Thursday, January 31, 2013

Transformations


I decided to finally use my nana’s glasses. I’d been carrying them around, from house to house, for thirty years. Thirty years! I didn’t want to break them. They were too sentimental to be mixed up with the I Love Horses mug and the cereal bowls in the sink. Also, I thought they were ugly. But they’ve somehow gotten beautiful, transforming themselves inside yellowed newspapers and a Pabst Blue Ribbon box, like a butterfly transforms itself inside a cocoon. Though they look exactly the same. Now I love them. Not only because they were hers, but because they’ve gotten old enough to be cool. I’m waiting to see Don holding one on Mad Men.

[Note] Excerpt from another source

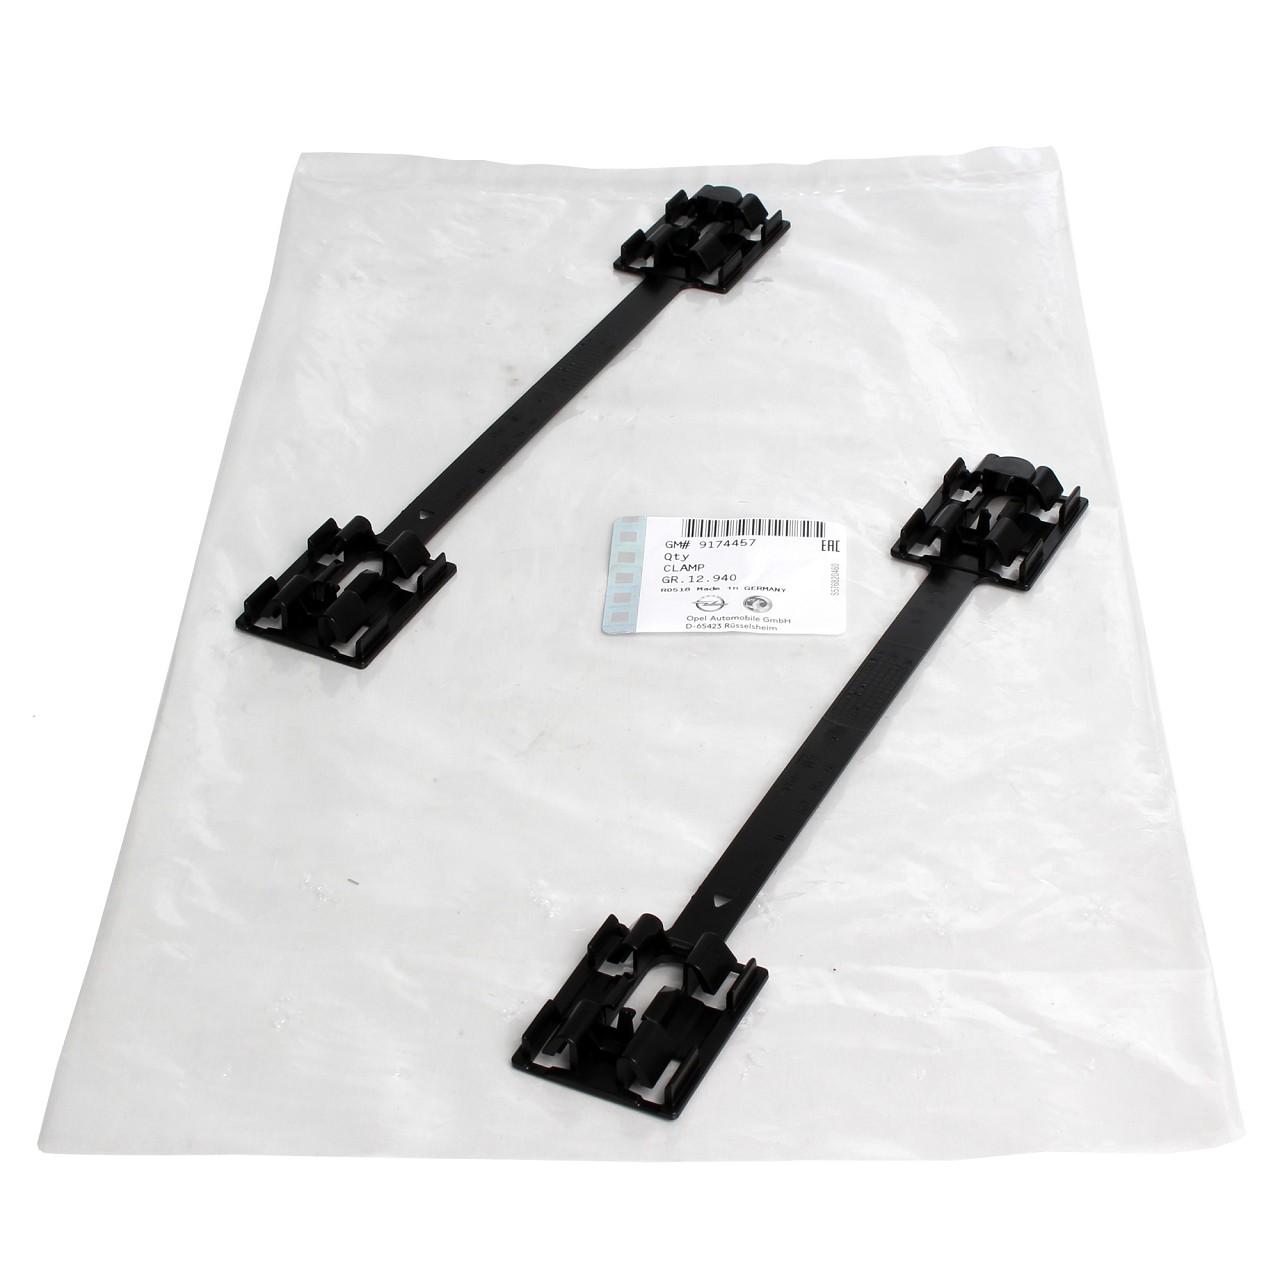 2x ORIGINAL Opel Clip Plastik Halter Klammer Verschluss Befestigung 9174457

So now I’m looking around for what else is cool. I hate it when I suddenly remember something that at one time I thought was ugly, mostly out-of-style items that weren’t old enough, that I got rid of. I might have called these things “hideous.” Then I remember that I gave it away, or worse, threw it away, like the floor lamp with three cone-shaped metal shades perforated in an atomic starburst design to let the light shine through. I threw this cool piece into the garbage when we moved to Sturm Lane (our first house in Jackson) and were cleaning it out because it was an estate sale and it was full of junk.

We had to get a Dumpster, there was so much junk in the house. Mostly old stuff, so I was thrilled. It had been an old man’s summer home in the woods near the lake, a sort of Adirondacks in central Jersey, because that’s what Jackson was in the thirties up until the nineties (when suburban sprawl took over), Adirondack-like, mixed with chicken farms, and towards the end, horse farms. The kids (kids—they were senior citizens themselves at this point) sold the place with everything in it, picking out choice items they wanted, and perhaps fought over, like the oak barrister bookcase and a round table with paw feet, leaving us the rest.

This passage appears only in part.